INDIAN Railway’s (IR) much publicised plan to operate private passenger services on the mainline network has failed to take off after state-owned Indian Railways Catering and Tourism Corporation (IRCTC) and the Megha Group were confirmed as the only participants when bids were finally opened on July 23, 18 months after the tenders were floated. 

Companies including Larsen & Toubro, GMR, Gateway Rail, Cube Highways, BHEL, CAF, Welspun and PNC infra, which had expressed interest in the project, did not participate. 

Offers were received for just three of the 12 clusters identified for private train operations: the Mumbai-2, Delhi-1 and Delhi-2 clusters. Since the IRCTC has offered a substantially higher rate of revenue sharing - 18%, 15% and 6% respectively for the three clusters - it is likely to win the contracts.

The ambitious plan was announced last year, with the bidding process getting underway in July 2020. A 35-year concession is proposed in tender documents, with the concessionaire required to introduce their own rolling stock and locomotives, and pay fixed charges for paths, stations, access to railway infrastructure and electricity consumed. IR will provide the guard and driver. In addition, private operators are required to share revenue with IR on a ratio decided through the competitive bidding process.

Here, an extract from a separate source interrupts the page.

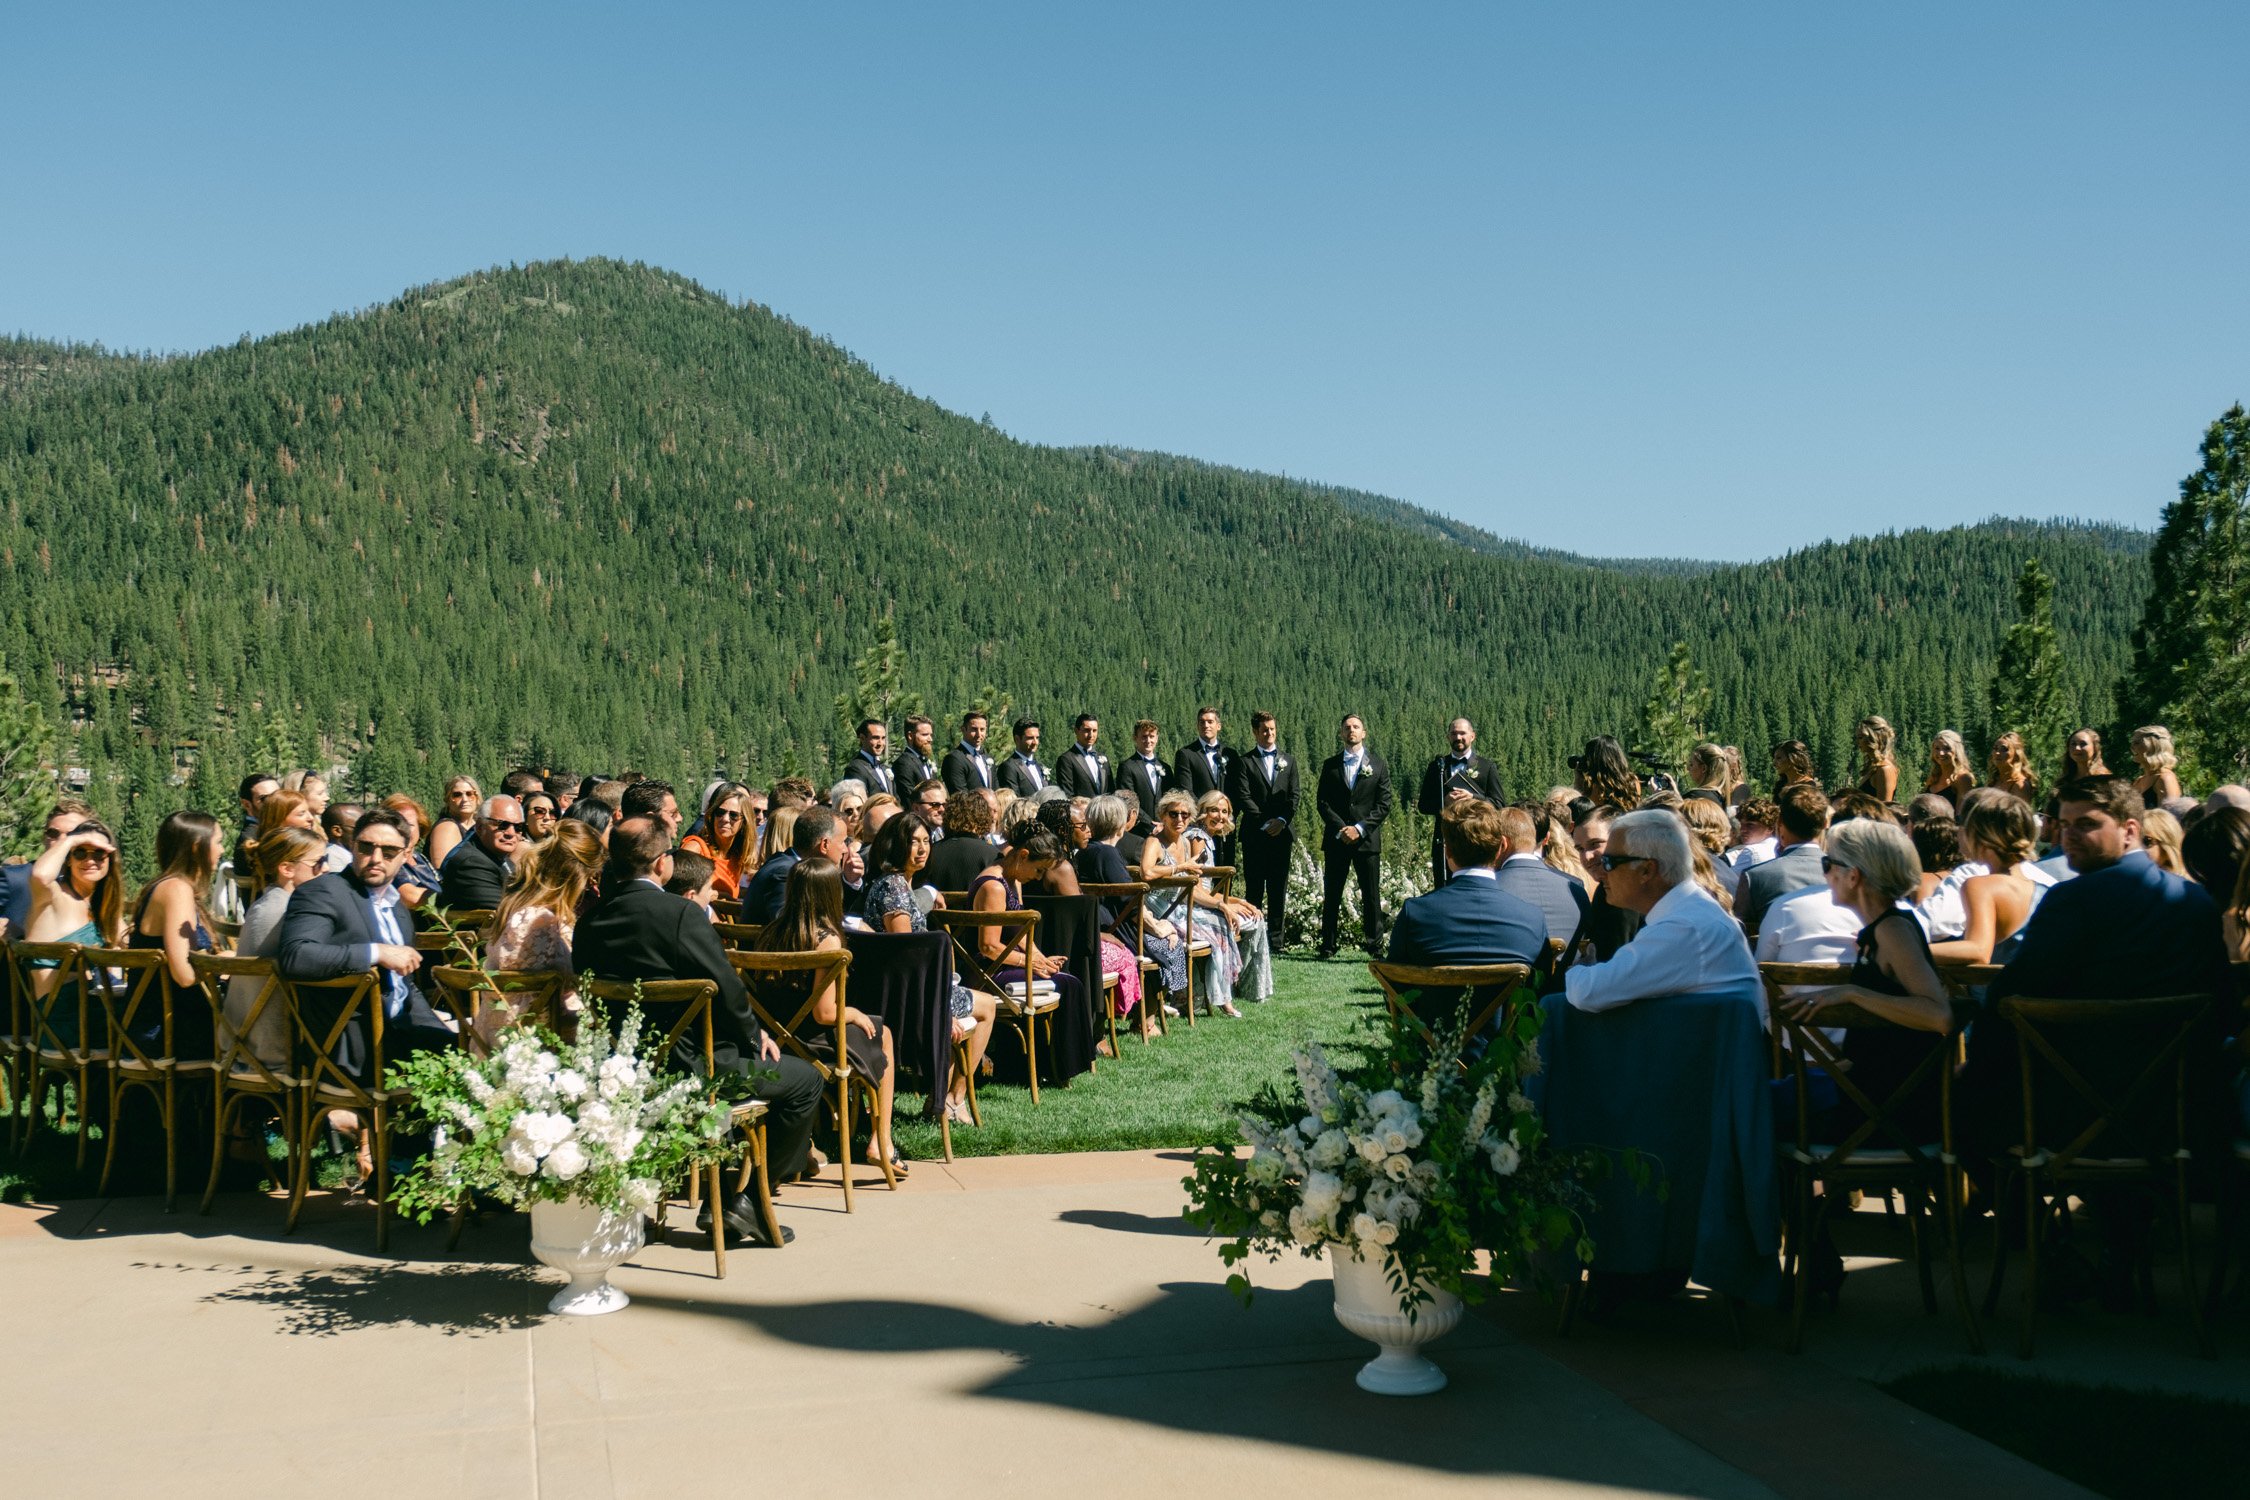 Martis Camp wedding, photo of a classic wedding ceremony 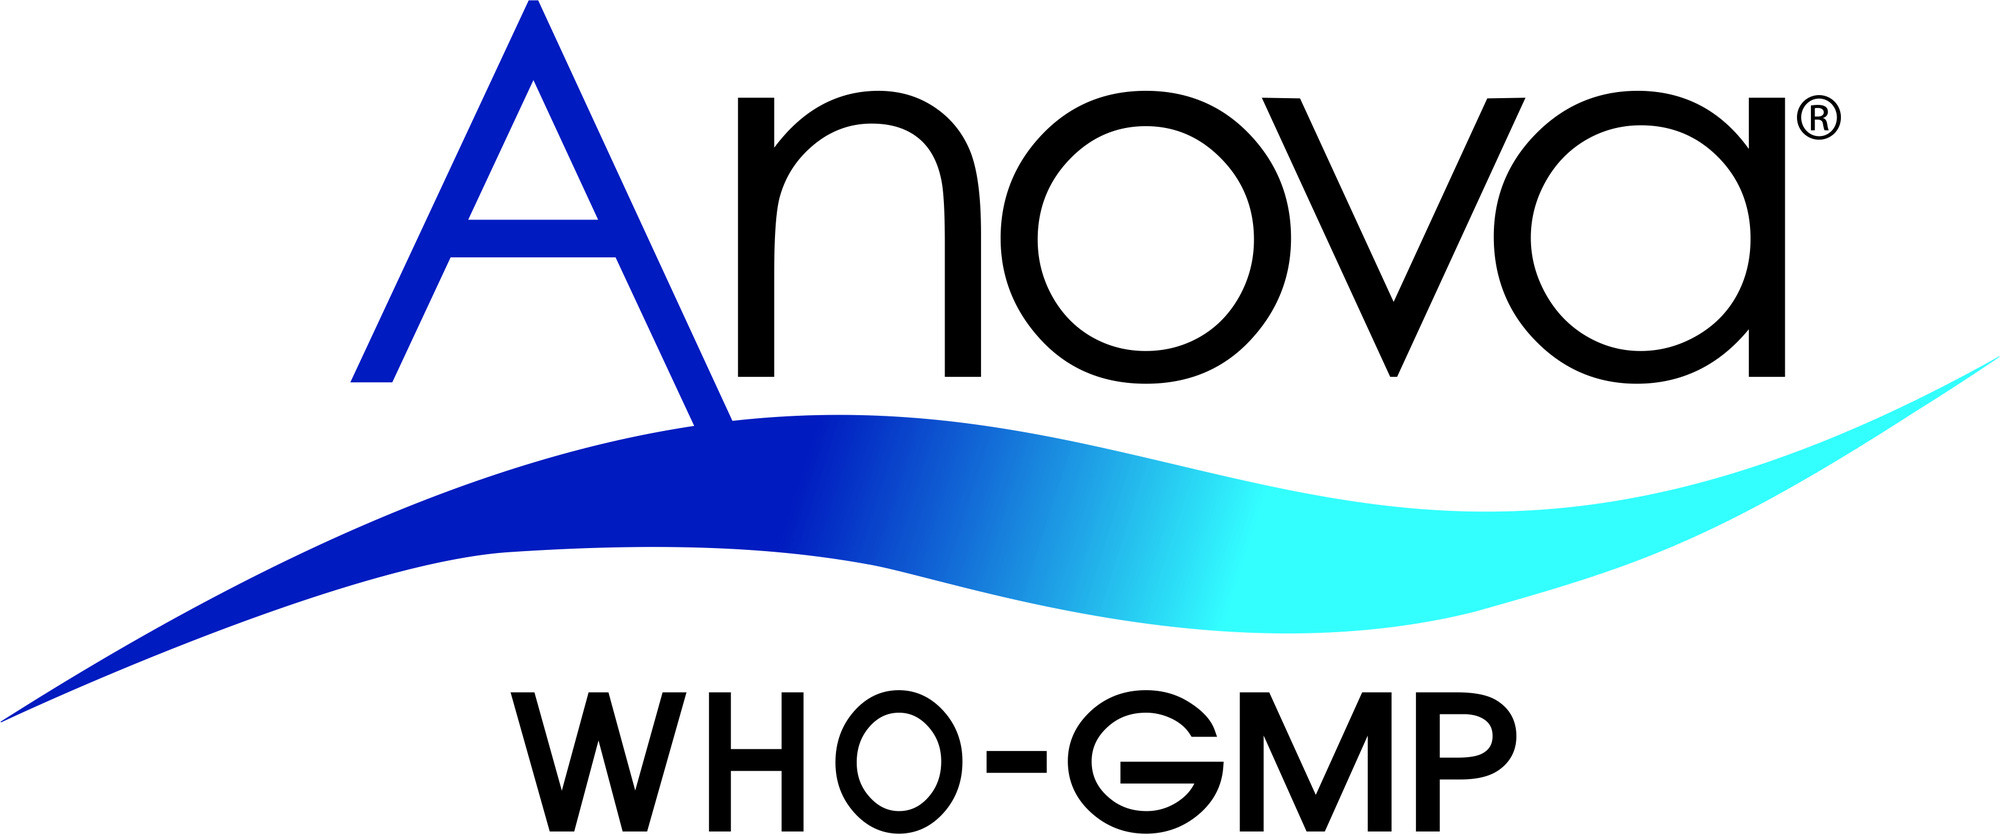 Thuốc thú y-Thuốc thủy sản ANOVA đánh dấu chặng đường 20 năm phát triển - Ảnh 5.

However, several private operators confirmed in March that they would not be participating.

According to an official press release, the Railway Ministry will expeditiously complete the evaluation process and decide the winners. The statement says 29 pairs of services requiring 40 modern trains and an investment of Rs 72bn ($US 1bn) will be operated in the first phase. IR was targeting the introduction of 109 services by 2023-2024.

Unreasonable clauses

Private investors apparently backed out because of “unreasonable clauses” contained in the tender document. One of the first companies to make an exit was Gateway Rail. “Railways do not have the infrastructure to maintain speeds of 160km/h,” says CEO, Mr Sachin Bhanushali. “However, the tender documents made it mandatory for private players to bring in rolling stock fit for 160km/h. The second issue was about sourcing, as such trains are not available in the Indian market.”

Bhanushali adds that the private parties demanded that an independent regulator be established to settle possible disputes. “But IR was unwilling to address these concerns,” he says. 

Rail consultants point to other anomalies in the tender documents. For instance, they state that track access charges paid to IR would increase on an annual cumulative basis. However, there was no reference to whether passenger fares would increase correspondingly. Second, IR officials were unwilling to concede the demand that the concession agreement should have a “bankable status,” in order to make it possible for private companies to take out bank loans. Third, the tender documents make it clear that the private parties cannot make an exit before they have brought in the new trains. 

“Earlier initiatives of IR to set up locomotive factories under the public-private partnership (PPP) mode gave fruitful results because of engagement amongst both the parties to address the concerns,” says rail consultant, Mr Harsh Dhingra. “I wish a similar process had been adopted in this bid as well.”